All patients were referred for a clinical suspicion of osteoporosis. Reasons for referral included osteogenesis imperfecta (28%), immobilization due to cerebral palsy or muscular dystrophy (26%), chronic steroid use (13%), idiopathic osteoporosis (4%) and other reasons such as inflammatory bowel disease, celiac disease, and genetic syndromes (28%). The majority of patients (87%) were Caucasian, 62% were boys, and 14% were on anticonvulsants, which interfere with vitamin D metabolism. Interestingly, relatively few were on vitamin D and calcium supplementation (five patients), despite having health factors that are known in adults to increase the risk of osteoporosis.
The authors defined osteoporosis as the lumbar BMD being more than two standard deviations below their weight-matched and pubertal development–matched (Tanner staging) normative data. Osteopenia was defined as being >1 standard deviation below weight and developmentally matched controls. Levels of serum vitamin D were defined as “insufficient” if less than 30 ng/ml, “deficient” if less than 20 ng/ml, and “overt vitamin D deficiency” if less than 10 ng/ml.
Of the 85 patients, 73 were able to have BMD measured and 69 patients had a Z-score less than -1. Fully 80% (69 patients) had insufficient vitamin D levels below 30 ng/ml and 21.1% had levels below 20 ng/ml.
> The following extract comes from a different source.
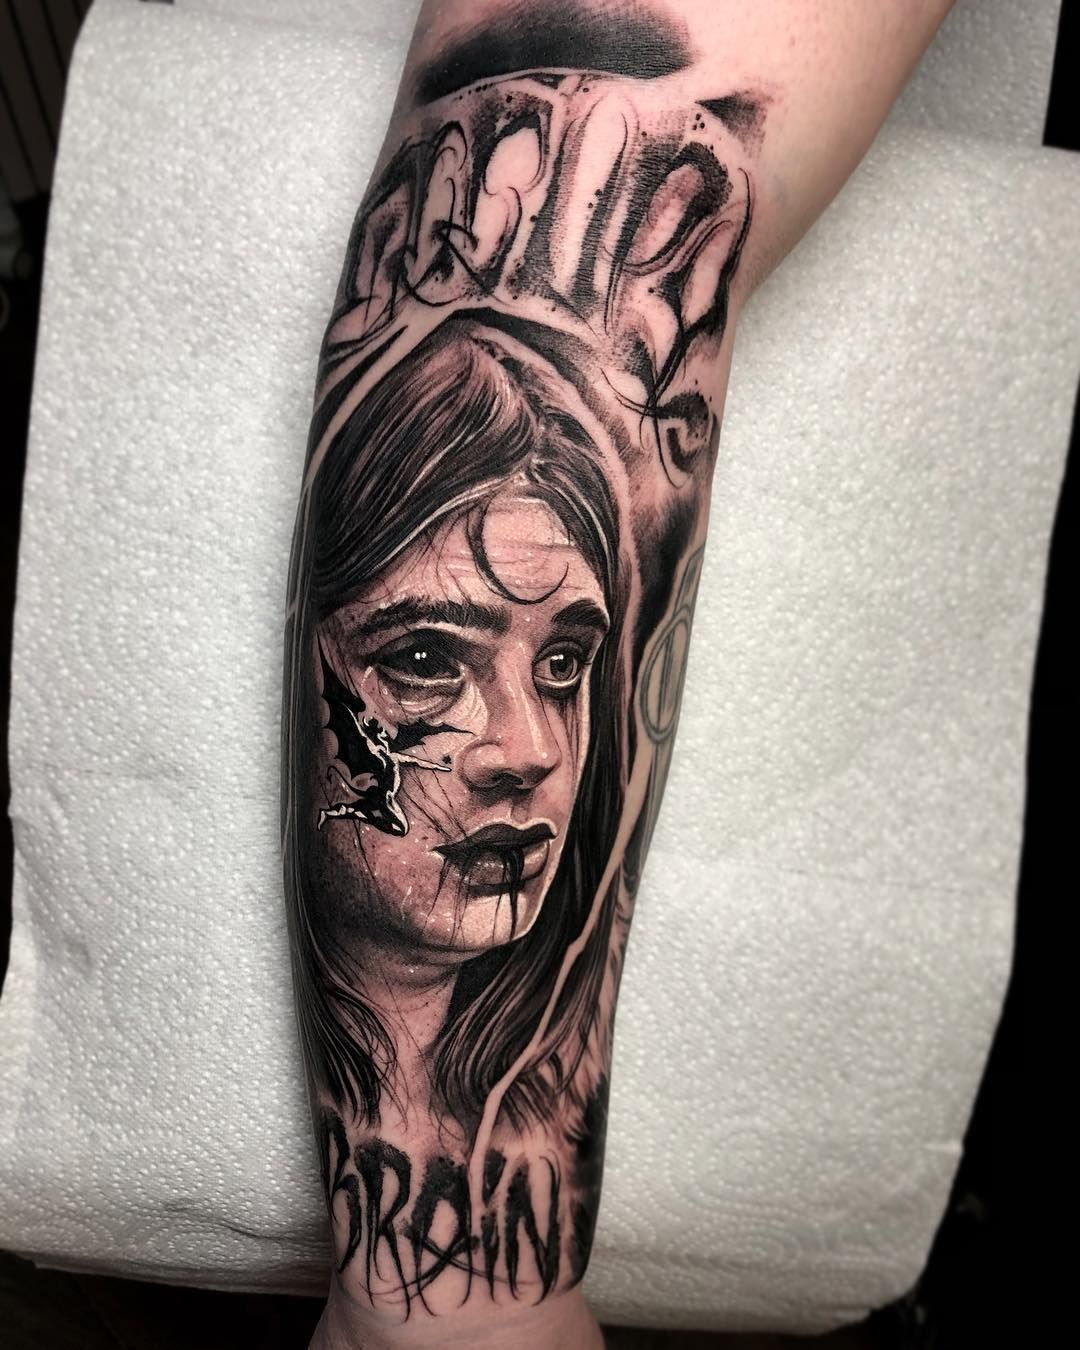 Ozzy Osbourne Portrait Tattoo Anrijs Straume On Instagram 70 S Ozzyosbourne Blacksabbath Thankyou Eth Ozzy Tattoo Create A Tattoo Day Of Dead Tattoo

The median value was 24 ng/ml, with the 75 percentile at 28.75 ng/ml. There was an inverse correlation between serum PTH levels and 25-OH vitamin D and a positive correlation between 1,25-OH vitamin D and PTH, urine pyridinoline, and deoxypyridinoline. There were no correlations between gender, age, race, anticonvulsant use, and fracture rate. Moreover, no seasonal variations of vitamin D levels were noted.
The authors conclude that low levels of vitamin D are common in children with osteopenia or osteoporosis and supplementation of vitamin D should part of the therapy of these conditions.
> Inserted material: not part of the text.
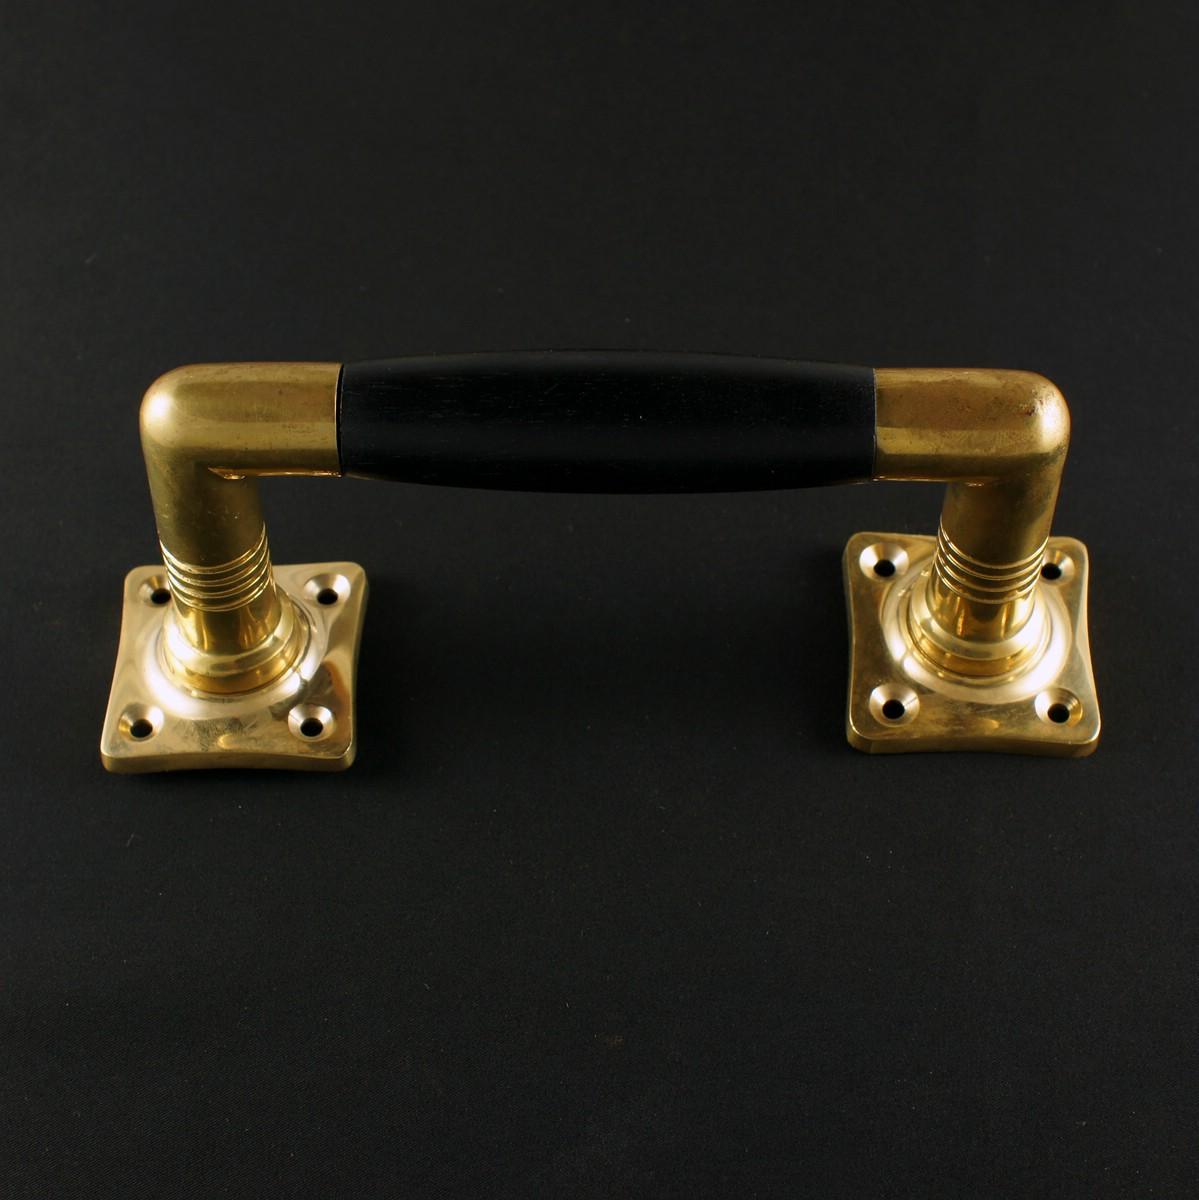 324.0005.35 Ziehgriff - antiker Türgriff, Balkongriff, Terrassentürgriff, Schiebetürgriff

It appears that low bone mass is not uncommon in children with chronic diseases. Clearly, it should be treated. But how? And, to go one step backward, how does one diagnose it? Most bone densitometers will give a Z-score for the lumbar bone densities, which compares the child’s bone density to that of age-matched controls. However, children with chronic diseases are often delayed with regard to physical maturation. Thus, if one uses the machine-generated Z-score, which is based solely on age, to identify low bone mass, one runs the risk of comparing apples to oranges—and overdiagnosing osteoporosis. The authors have avoided this pitfall since they have a locally generated set of norms that use Tanner staging and weight rather than age; they corrected their results using these data.1 This information has been published, but is standardized to only one manufacturer’s machine. Even with this correction, the majority of their patients had some degree of low bone mass. The 25-OH vitamin D levels were insufficient in 80% of their patients if you use the adult data as a cut-off. This appears to be an equally valid assumption for children as PTH secretion increases as vitamin D levels drop in children, as it does in adults.